Фото пресс-службы Государственной Думы РФ
Изучая образы российских партий в массовом сознании, мы часто от наших респондентов слышали: «Не понимаем вообще, зачем они нам нужны». Сейчас социальная структура всех обществ в мире изменилась до такой степени, что классических социальных кластеров уже не существует. Есть так называемое массовое общество, о чем писал еще Грамши в 30-е годы ХХ века. С тех пор и классическая партийная система перестроилась, и существующие партии, – и правящие, и оппозиционные, – не имеют классового характера. Тогда не понятно, чьи интересы они представляют.
Вопрос, к тому же, не только в том, зачем партии нужны, но и в том, сколько их нужно. В нашей Конституции записано, что мы страна демократическая и многопартийная. Для чего это писалось? Для того, чтобы нас считали приличными людьми, цивилизованным обществом? Чтобы было как у всех? Есть ощущение, что начиная с момента создания Конституции ни наша власть, ни общество так и не приняли для себя решения: какая партийная система нам нужна? Однопартийная, привычная по советскому времени, или многопартийная, с конкуренцией партий? С одной стороны, общество впитало демократические постулаты и выросло поколение, которое не помнит советской системы. Но при этом оказывается, как показывают наши исследования по образам партий, наше общество как бы не заметило, что с 1991 года мы живем в многопартийной системе, потому что для него была одна КПСС, так и сейчас существует одна ЕР. Все остальные партии служат чем-то вроде декорации. Притом что определенная часть населения голосует за КПРФ, немалая часть за ЛДПР и даже за другие партии.

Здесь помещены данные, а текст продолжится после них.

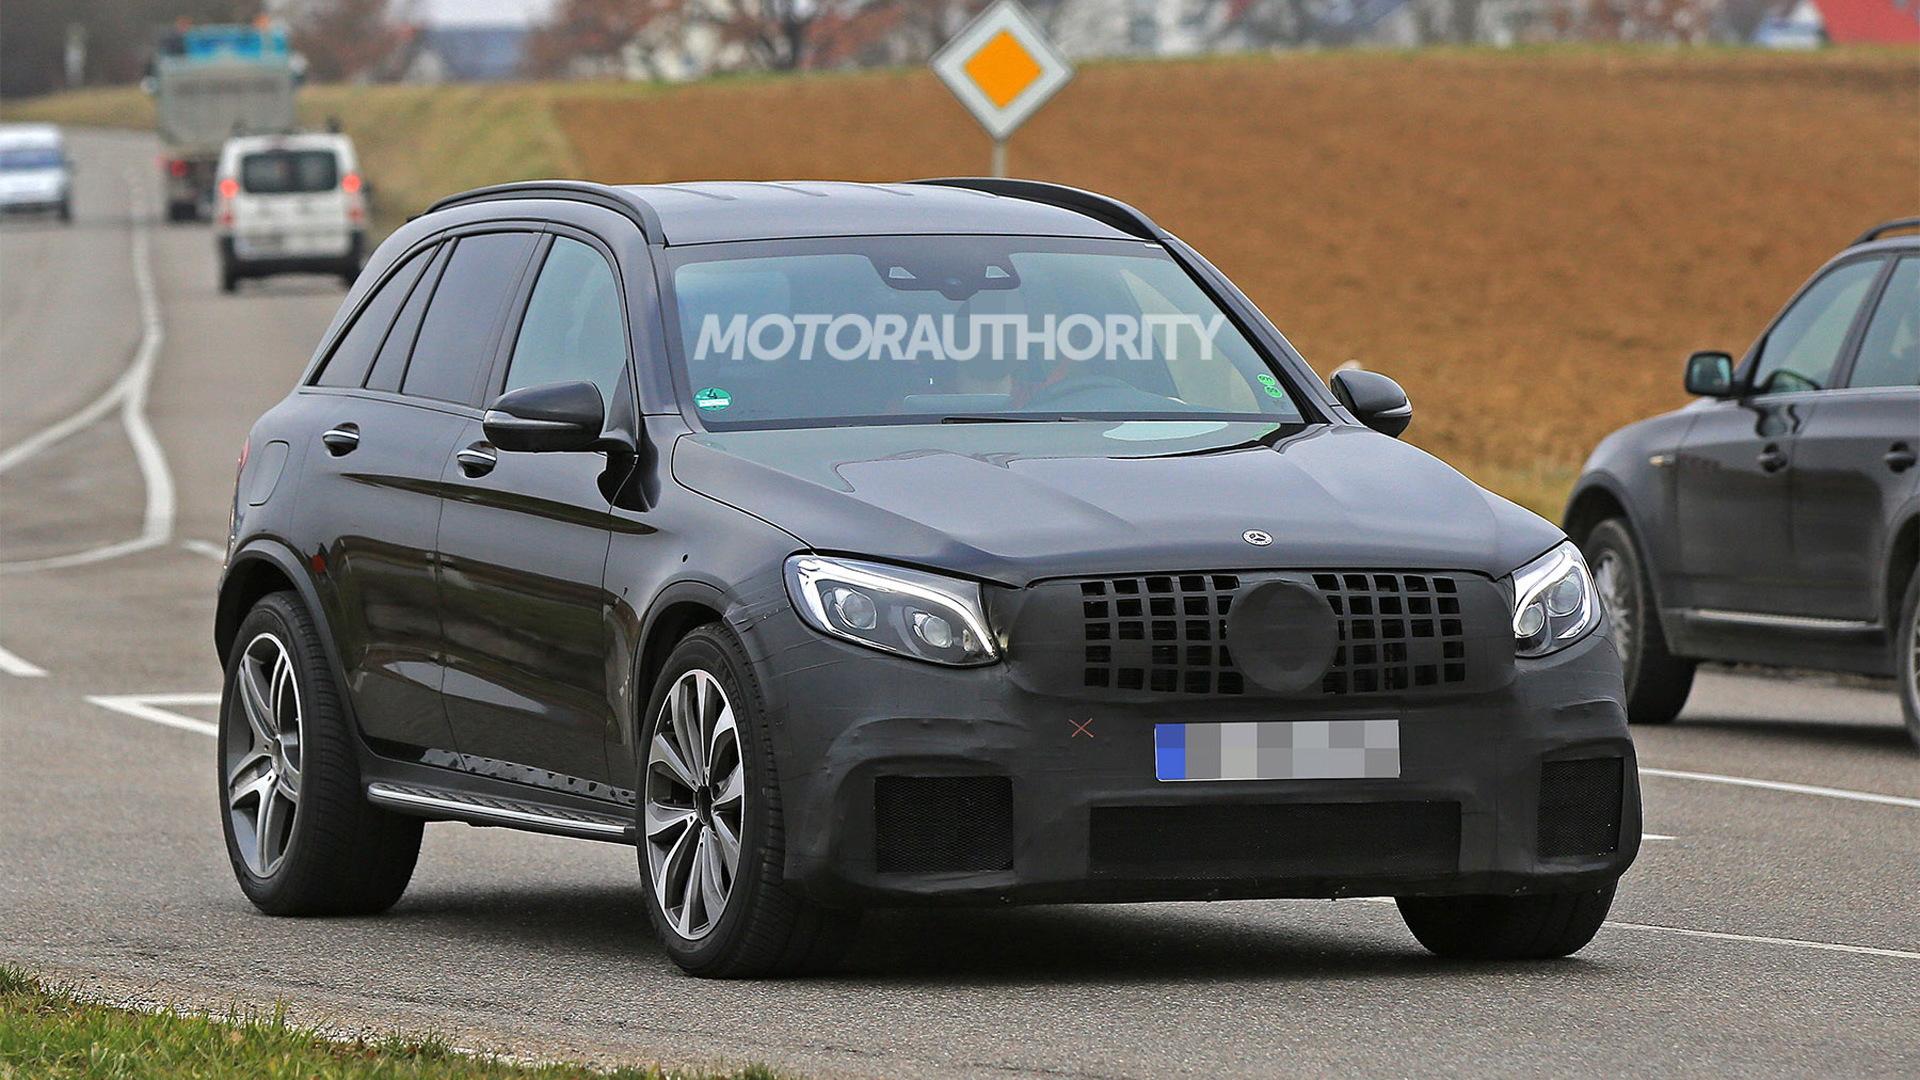 2018 Mercedes-AMG GLC63 spy shots - Image via S. Baldauf/SB-Medien

Вопрос в том, образ какого будущего мы хотим: демократии или чего-то еще? Если демократии с ее многопартийностью, плюрализмом, тогда нужно всерьез к этим партиям относиться. А если мы говорим одно, а делаем другое и сделаем опять однопартийную систему, где у партии власти должно быть не просто большинство, а конституционное, то тогда непонятно, зачем нам нужны все эти (даже парламентские) партии. У меня есть полная уверенность, что с самого верха накануне выборов президентом была дана четкая установка: прекратите вбрасывать голоса, оставьте игры с административным ресурсом и давайте делать честные выборы. Президент это четко дал понять, но не все чиновники на местах в это поверили, хотя и действовали несколько более осторожно, чем раньше.
Так нужна ли нам эта многопартийная система? Если нам сверху говорят, что она нужна, надо всерьез относиться к тем партиям, которые уже существуют, и давать им возможность расти, развиваться и считаться с их голосом, пусть опять будет многоголосье. Или опять мы все в один голос эту песню будем петь, но тогда надо честно сказать: мы строим однопартийную систему. Я не вижу ничего дурного в однопартийной системе. Например, Мексика много лет так жила. В СССР она существовала 70 лет, и ничего. Но и опыт СССР показывает, что наличие одной партии не означает автоматически одноголосия. Ведь самые последние годы Советского Союза мы видели, что и внутри той же самой ЦК КПСС у нас были представители самых разных идейных взглядов, были и Лигачев, и Ельцин, и Горбачев.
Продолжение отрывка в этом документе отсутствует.